En plus de mesurer le temps gagné par les travailleurs en effectuant des tâches telles que la génération automatique de texte et l’analyse de chiffres, Microsoft affirme que ses tests ont inclus l’exécution de groupes de contrôle pour valider les résultats et le développement de moyens de mesurer la qualité du résultat de l’IA générative, plutôt que simplement sa quantité.

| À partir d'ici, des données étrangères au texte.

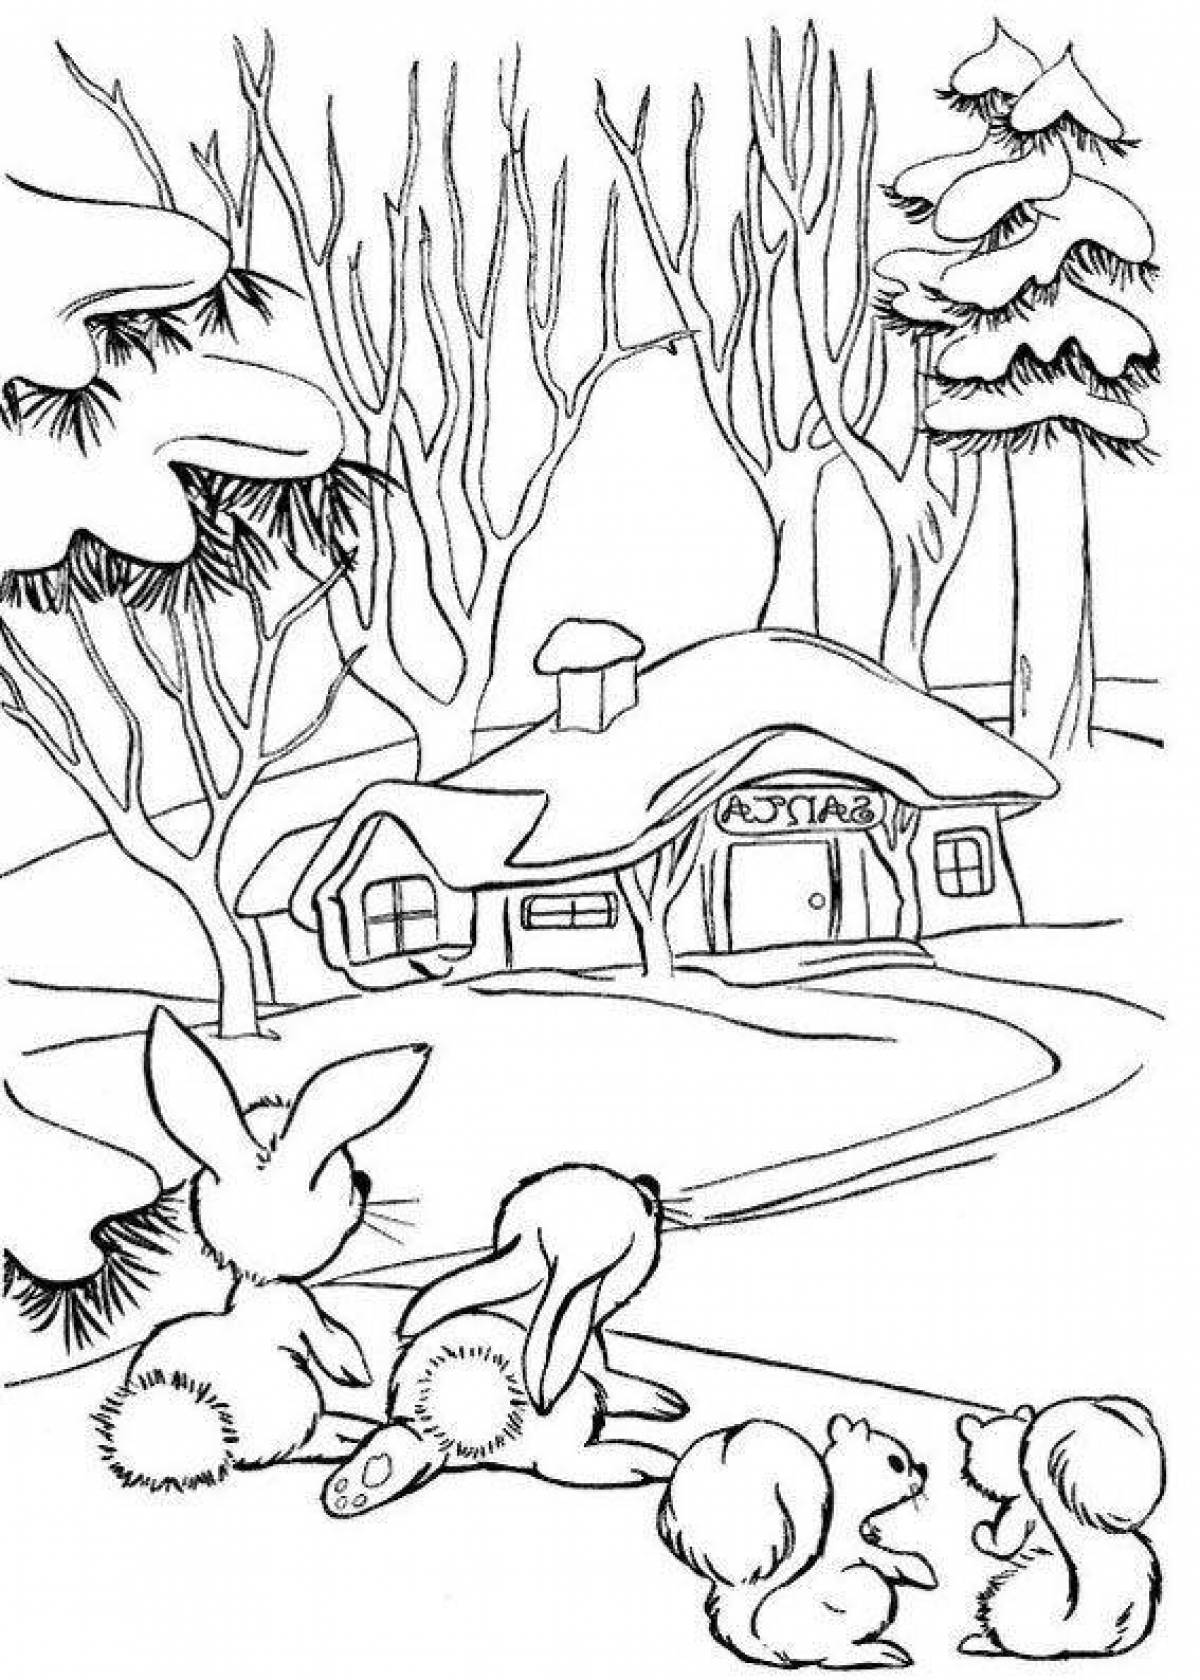 Flawless winter in the forest coloring book

Cependant, jusqu’à ce que les clients voient les résultats et aient la possibilité de les valider avec leurs propres tests, ces affirmations doivent être considérées comme fiables. « Pour l’instant, il n’y a pas beaucoup de faits », a déclaré Wong. « Les entreprises investissent soit sur la foi, soit sur la peur : elles craignent de prendre du retard. »

Le chiffre de 30 dollars par mois a été fixé après avoir étudié ce que les clients seraient prêts à payer pour le type d’assistance que l’IA peut fournir, a déclaré Spataro. Microsoft a également examiné le « calcul du coût par personne » : combien de 30 dollars par mois représentaient le coût global de l’embauche d’un travailleur du savoir et quel type de gains de productivité seraient nécessaires pour justifier le coût supplémentaire du logiciel.

Gownder, chez Forrester, a calculé que les dépenses supplémentaires seraient justifiées même avec des « hypothèses assez modestes », par exemple en supposant que le logiciel permette à un travailleur très rémunéré d’économiser seulement deux heures par mois.

Malgré de grandes affirmations en faveur de l’IA, les dirigeants de Microsoft ont cherché à réduire leurs attentes quant à son impact sur les revenus à court terme, et les prévisions de Wall Street sont tempérées. Même un déploiement réussi de la technologie pourrait n’ajouter que 1 pour cent à la croissance des revenus de Microsoft au cours de son exercice 2025, qui débute en juillet prochain, calcule Wood, analyste chez TD Cowen. Cela équivaut à environ 2 à 2,5 milliards de dollars, ajoute Wood.

La concurrence avec d’autres éditeurs de logiciels pourrait également limiter le potentiel. Les API proposées par OpenAI et d’autres créateurs de grands modèles de langage, qui permettent aux programmes d’accéder facilement à leurs services, ont ouvert la voie à l’IA générative pour devenir une fonctionnalité standard de nombreuses applications logicielles.

Microsoft bénéficiera toujours d’un certain nombre d’avantages par rapport à d’autres sociétés, explique Wood, comme la possibilité d’exploiter les données contenues dans les applications Microsoft et sa relation étroite avec OpenAI. Mais on ne sait pas exactement quelle prime il sera en mesure d’obtenir si la génération automatique d’e-mails ou la synthèse de documents deviennent des activités de routine disponibles à partir de nombreuses applications différentes. « Nous verrons si Microsoft peut maintenir ces niveaux de prix », a-t-il ajouté.